В соседней квартире пели: «Чтоб смыть первородный грех и остановить гнев Своего Отца».Эти слова, запечатлевшие усилие, казалось, перемешивались с объяснениями Ольги. Отдавшись им, я изо всех сил окал подлокотники кресла. Вскоре я почувствовал сильную боль в предплечьях. Я хотел отпустить подлокотники, но тщетно, руки были словно приклеены, они вовсю давили на них, и длилось это бесконечно долго.

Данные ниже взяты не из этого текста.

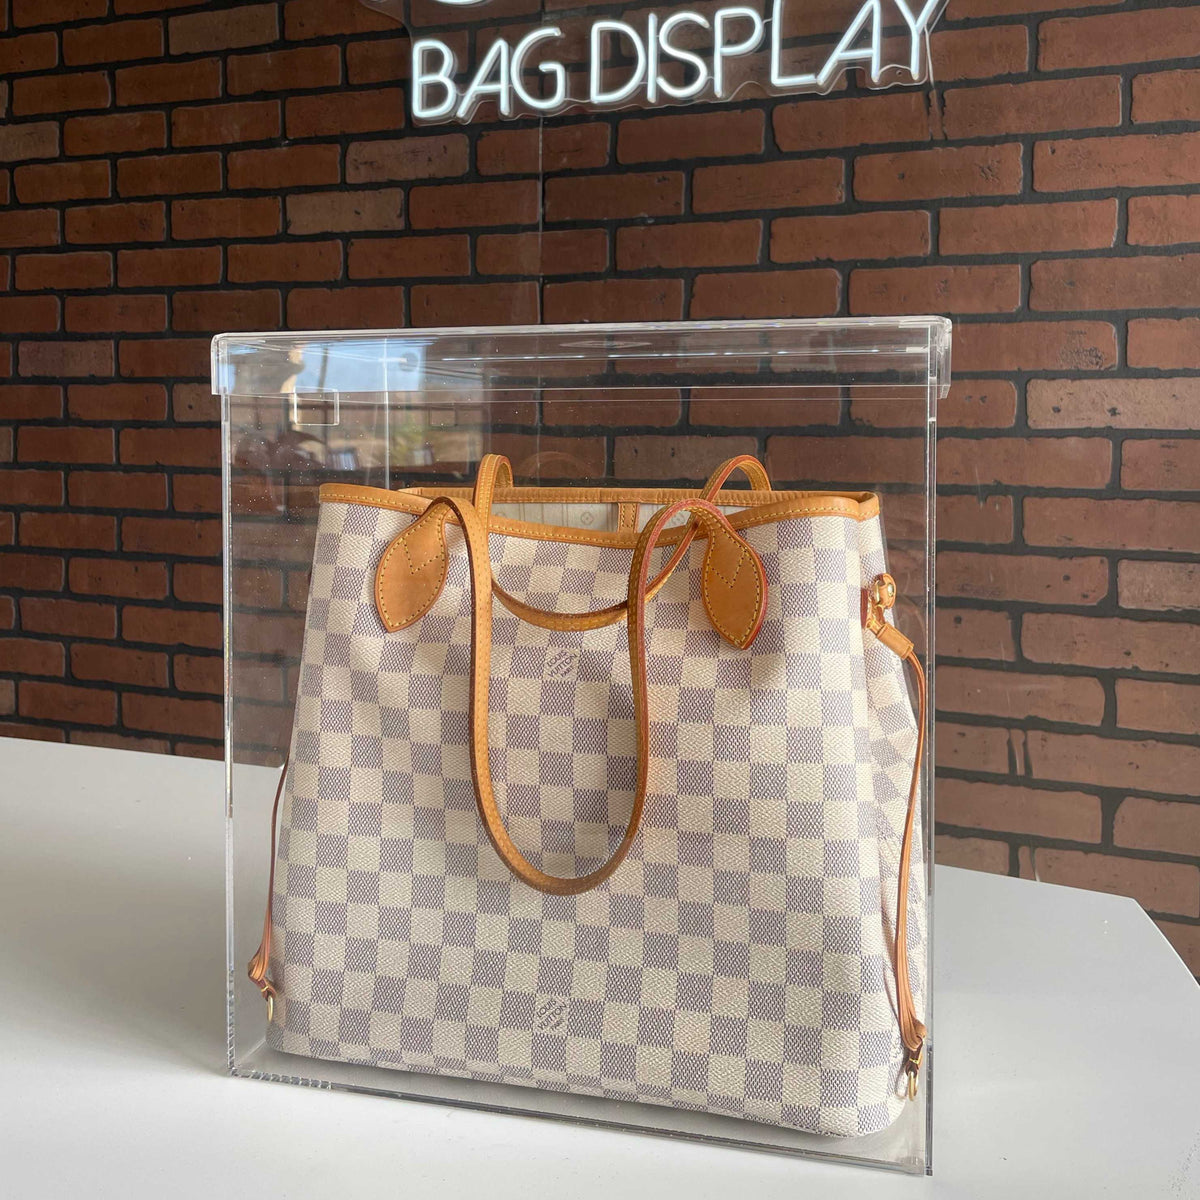 Perfect Shopper Tote: Why the Louis Vuitton Neverfull PM is a Must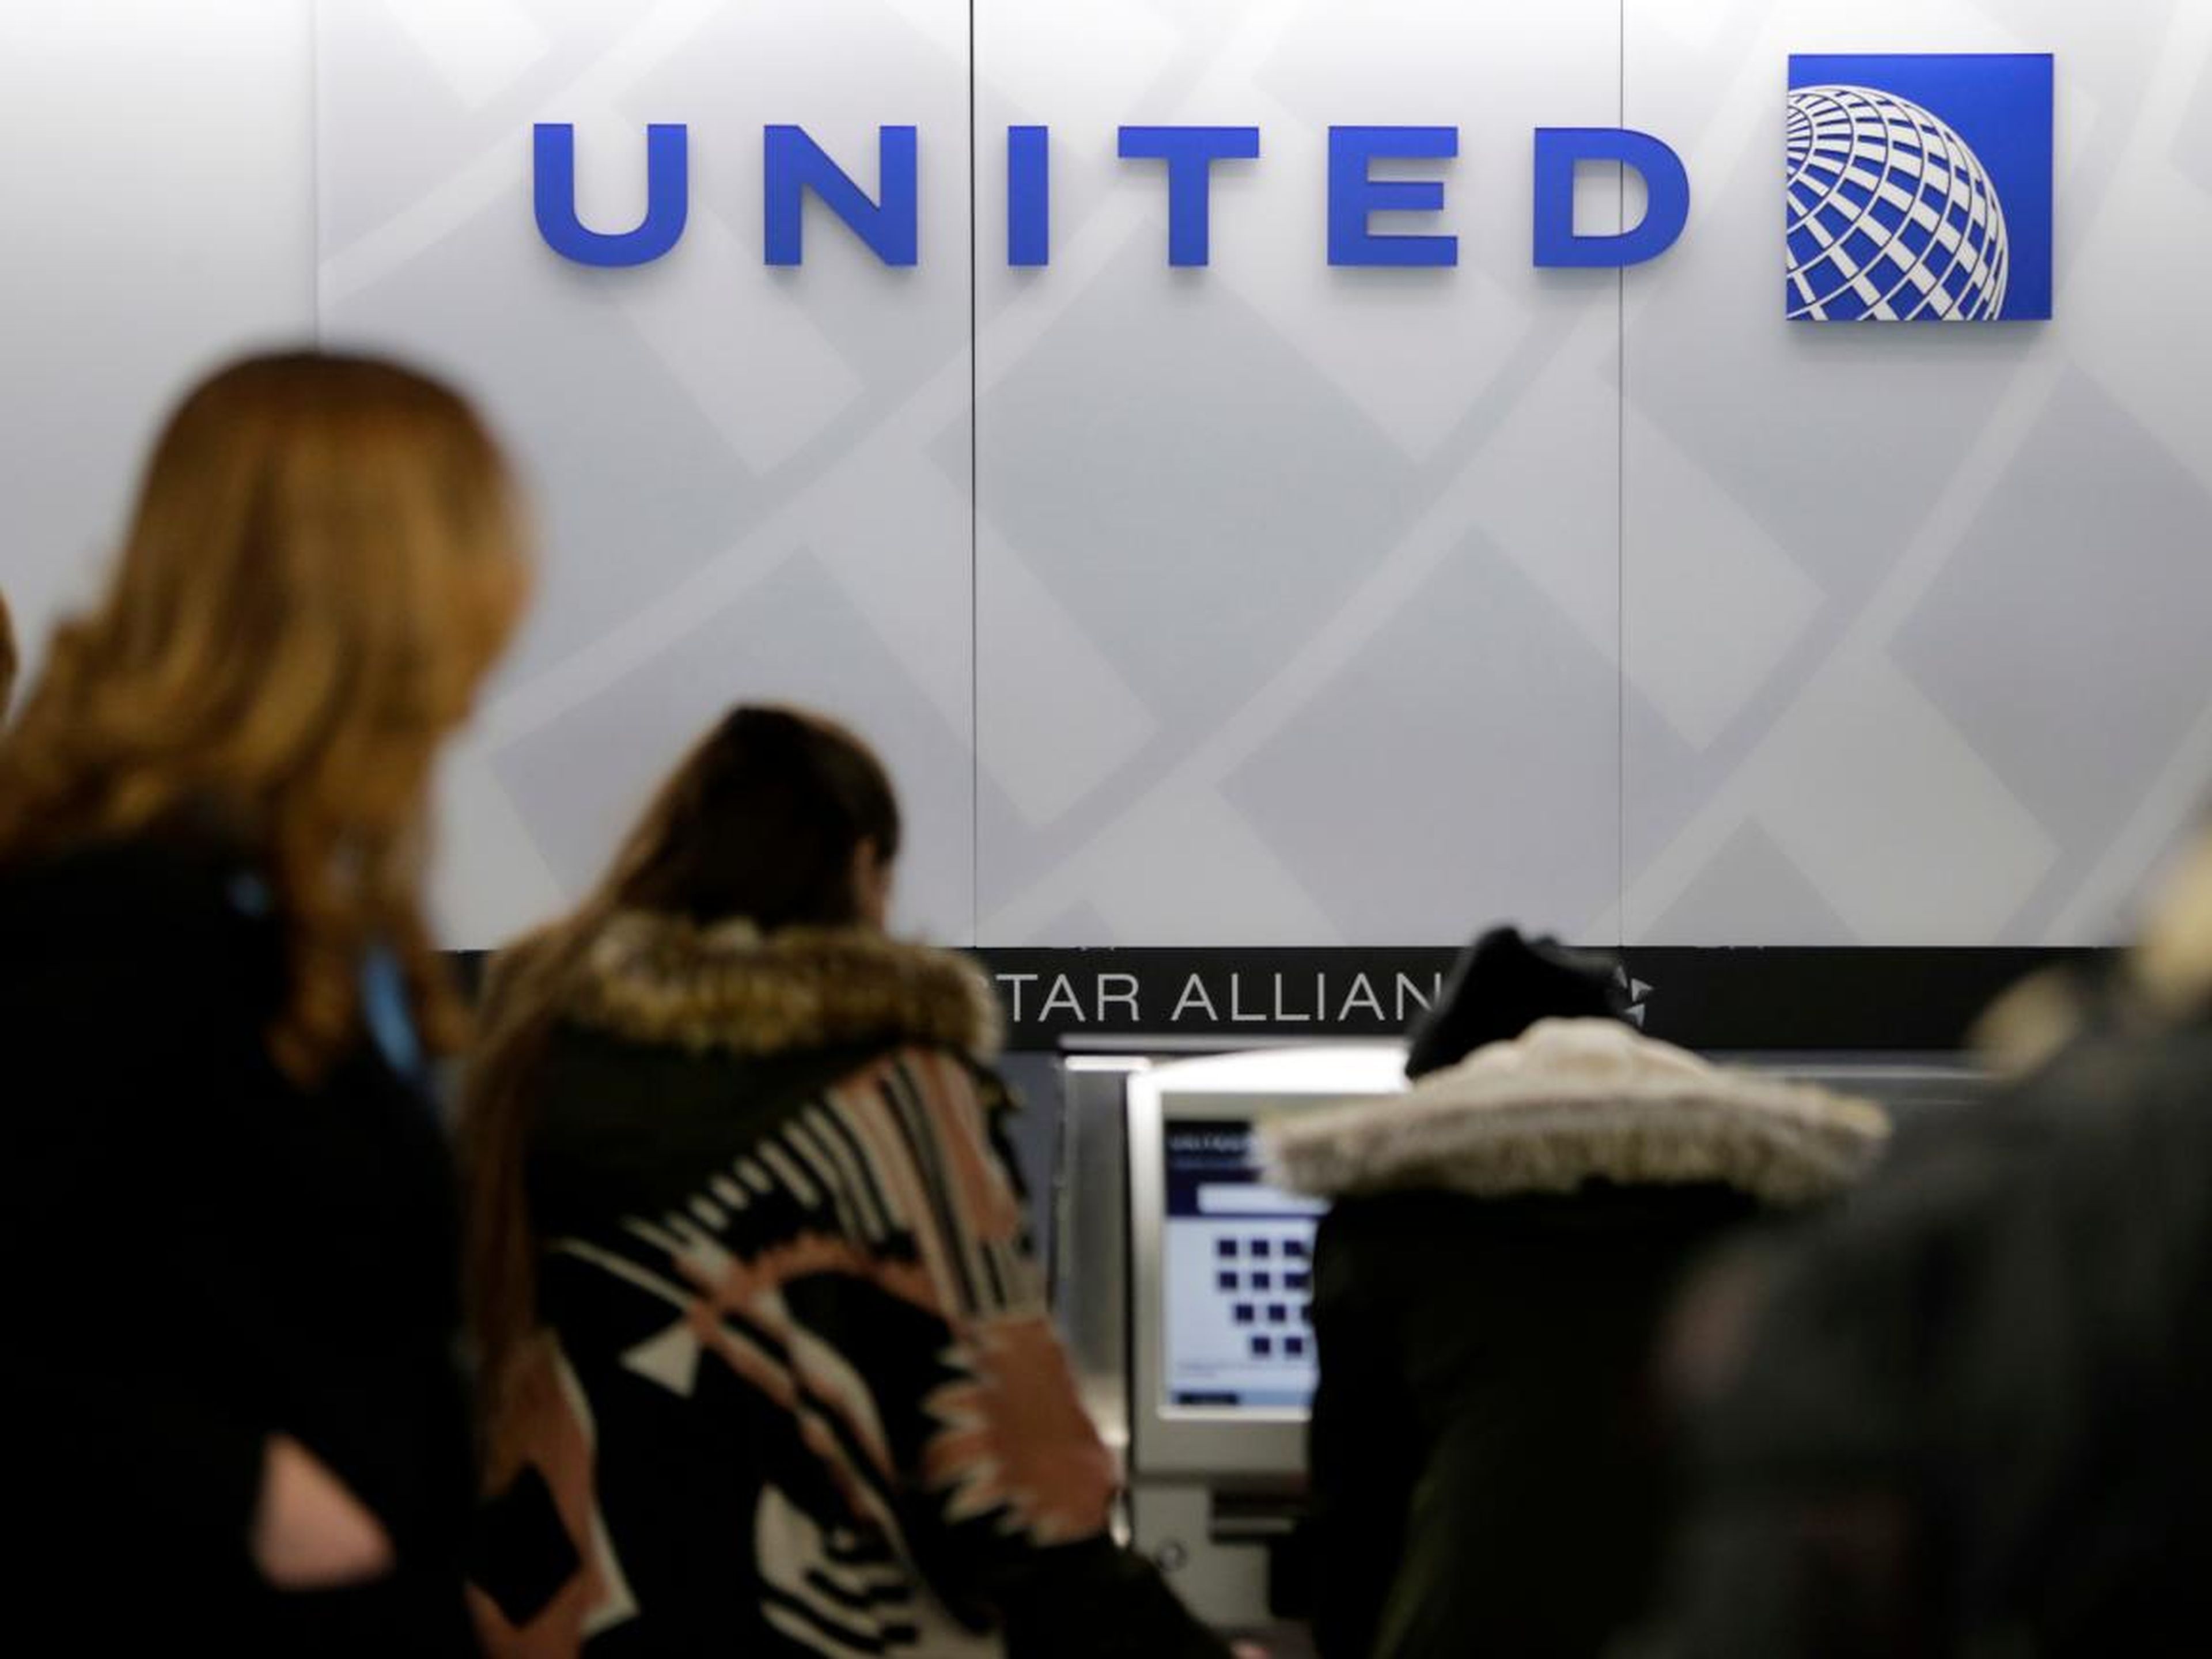 A puppy reportedly died in an overhead bin on a United Airlines flight (March)

Мной начало овладевать нетерпение. Нужно было покончить с этим. Ольга была моей последней пациенткой. Как только она уйдет, Май Ли принесет мне чашку кофе, после которой я почувствую себя лучше.
Это было бы подобно приливу кислорода. Несмотря на свое отчужденное поведение, Май Ли мне нравилась. Это была молодая темноволосая женщина, миниатюрная, как многие азиаты, лет тридцати, может, меньше, но едва ли можно было подходить к ней с западными критериями. Изгнанной из Камбоджи победой красных кхмеров, ей после многочисленных злоключений удалось приехать в Париж и устроиться здесь вместе с семьей. Днем она работала у меня, а вечером в ресторане в тринадцатом округе. Она ни разу не пожаловалась на трудность существования, просто делала то, что должна была. Это умение смело встречать превратности судьбы являло собой в моих глазах одну из самых подлинных форм мужества и большей частью объясняло уважение, которое я к ней испытывал.
Как если бы он понял, чего я жду, Макс всем своим весом надавил на горло своей жены. Все в поведении Ольги выражало сильнейшее одобрение. Он старательно сжимал, тогда как мои руки, несмотря на усталость, возобновили свою работу над подлокотниками кресла.
Лицо Ольги стало темно-красным, она задыхалась, слюна появилась в уголках губ. Давил ее Макс теперь с такой силой, что она больше не могла говорить. Но этого и не требовалось, события шли своим чередом. На мгновение она и Макс повернулись ко мне, их взгляды показались мне чрезвычайно застывшими. Потом Ольга выгнулась, чтобы еще больше открыться ударам мужа. Но он внезапно отпустил ее.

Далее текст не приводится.